|
HS Code |
418500 |
| Iupac Name | 2-naphthyl benzoate |
| Cas Number | 574-09-4 |
| Molecular Formula | C17H12O2 |
| Molecular Weight | 248.28 g/mol |
| Appearance | White to off-white solid |
| Melting Point | 115-118 °C |
| Boiling Point | 439.4 °C at 760 mmHg |
| Density | 1.23 g/cm³ |
| Solubility In Water | Insoluble |
| Flash Point | 223.9 °C |
| Smiles | C1=CC=C(C=C1)C(=O)OC2=CC=CC3=CC=CC=C32 |
| Pubchem Cid | 69135 |
As an accredited 2-Naphthol, benzoate (8CI) factory, we enforce strict quality protocols—every batch undergoes rigorous testing to ensure consistent efficacy and safety standards.

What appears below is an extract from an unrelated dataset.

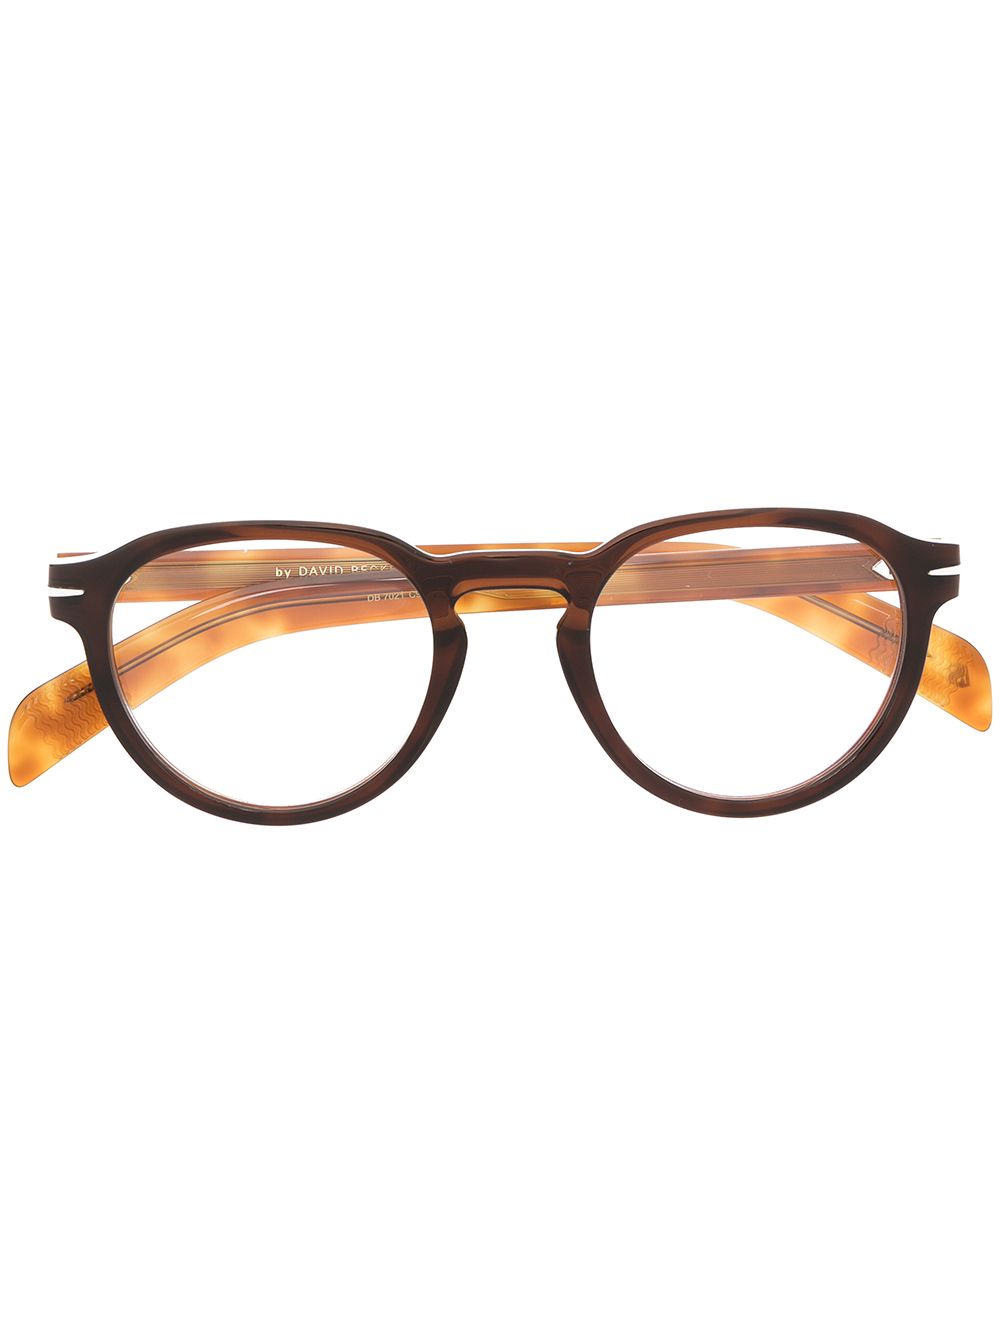 Eyewear By David Beckham Tortoiseshell Glasses In Brown

| Packing | Amber glass bottle, 100 grams, tightly sealed with a screw cap, clear chemical labeling, hazard symbols, and batch information displayed. |
| Container Loading (20′ FCL) | Container Loading (20′ FCL) for 2-Naphthol, benzoate (8CI): Typically loaded 12–14 metric tons in 25 kg bags or drums, securely palletized. |
| Shipping | 2-Naphthol, benzoate (8CI) should be shipped in tightly sealed containers, protected from light, heat, and moisture. Handle with appropriate safety precautions, using suitable personal protective equipment. Transport in compliance with local, national, and international regulations for chemicals, ensuring clear labeling and documentation. Avoid contact with incompatible substances during transit. |
| Storage | 2-Naphthol, benzoate (8CI) should be stored in a tightly closed container in a cool, dry, and well-ventilated area, away from sources of ignition and incompatible materials such as strong oxidizers. Protect it from light and moisture. Ensure that storage areas are clearly labeled and access is restricted to authorized personnel familiar with chemical handling and safety protocols. |
| Shelf Life | 2-Naphthol, benzoate (8CI) should be stored tightly sealed, protected from light; shelf life is typically several years under proper conditions. |
Competitive 2-Naphthol, benzoate (8CI) prices that fit your budget—flexible terms and customized quotes for every order.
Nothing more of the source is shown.